I would leave scripting languages (eg. Python, Perl. Actually, SAS could sort of function like scripting language to integrate SAS with other application, would briefly touch on this topic later) and markup languages (or declarative languages, eg. XML, HTML) out of our comparison.
The aforementioned differences make SAS more productive and user-friendly, because you don’t have to worry about the implementation of data structures. Most usually used data structures in SAS are table(actually, it is vector, I’ll ignore the details here), array and hash map (sort of like dictionary in R or Python, through which you could retrieve value by key) . You could also work with Matrix in SAS via SAS/IML module, but that would be a more advanced topic.
SAS Modules – Base & Advanced SAS is different from SAS/STAT
I circled the first data manipulation sub-square, because this is the module you are tested for and certified for. It is mainly dealing with data manipulation, namely, arranging your raw data into structured table/data set which could later be analyzed by procedures in SAS/STAT module.
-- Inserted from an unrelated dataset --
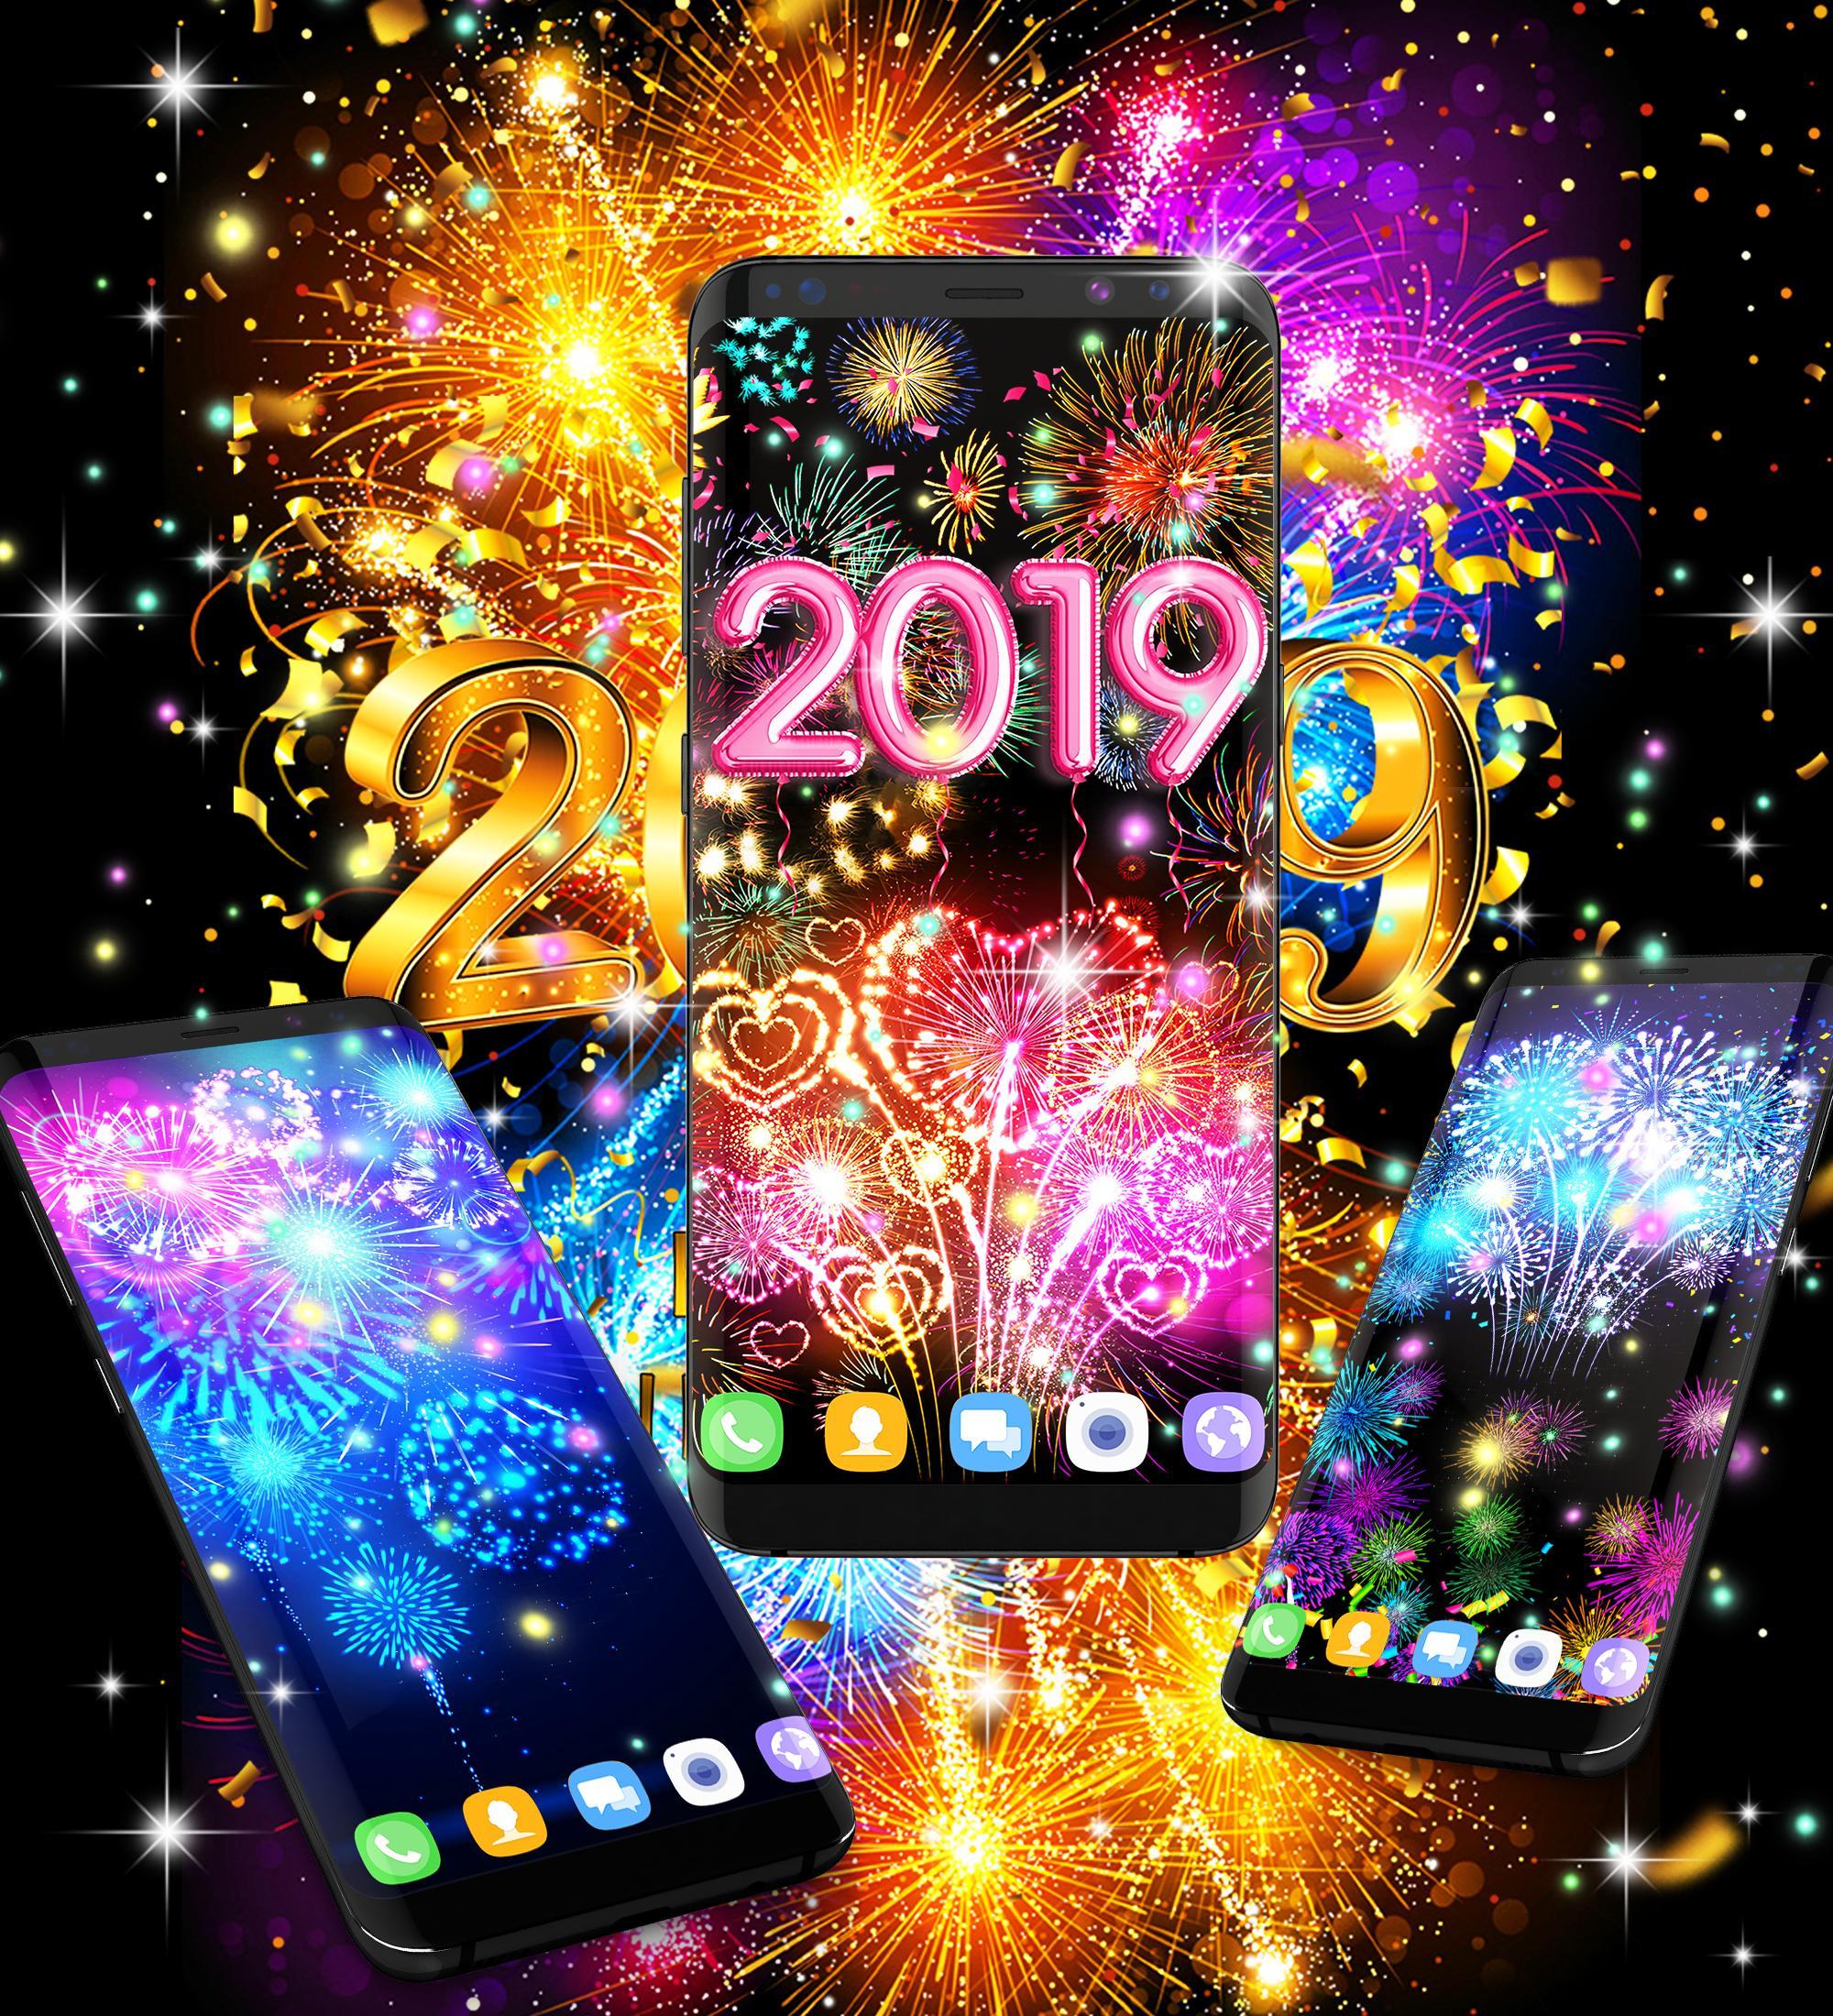 Happy new year 2021 live wallpaper for Android - APK Download

If you would spare me your attention here, I earnestly would like to debunk some of your misunderstandings. in case you attended or are attending courses such as Database Marketing, SAS Modeling and Marketing Analytics with SAS. What you learnt in these courses (eg. PROC REG, PROC LOGISTIC, PROC ANOVA, PROC GLM, PROC FACTOR, PROC CLUSTER, PROC FASTCLUS, PROC DISCRIM) are all procedures housed under SAS/STAT module and YOU ARE NOT GOING TO BE TESTED ON THESE TOPICS for your SAS Base/Advanced certificates. For SAS/STAT, it has separate certificate. And the SAS tests we are usually talking about are on Base SAS, Advanced SAS.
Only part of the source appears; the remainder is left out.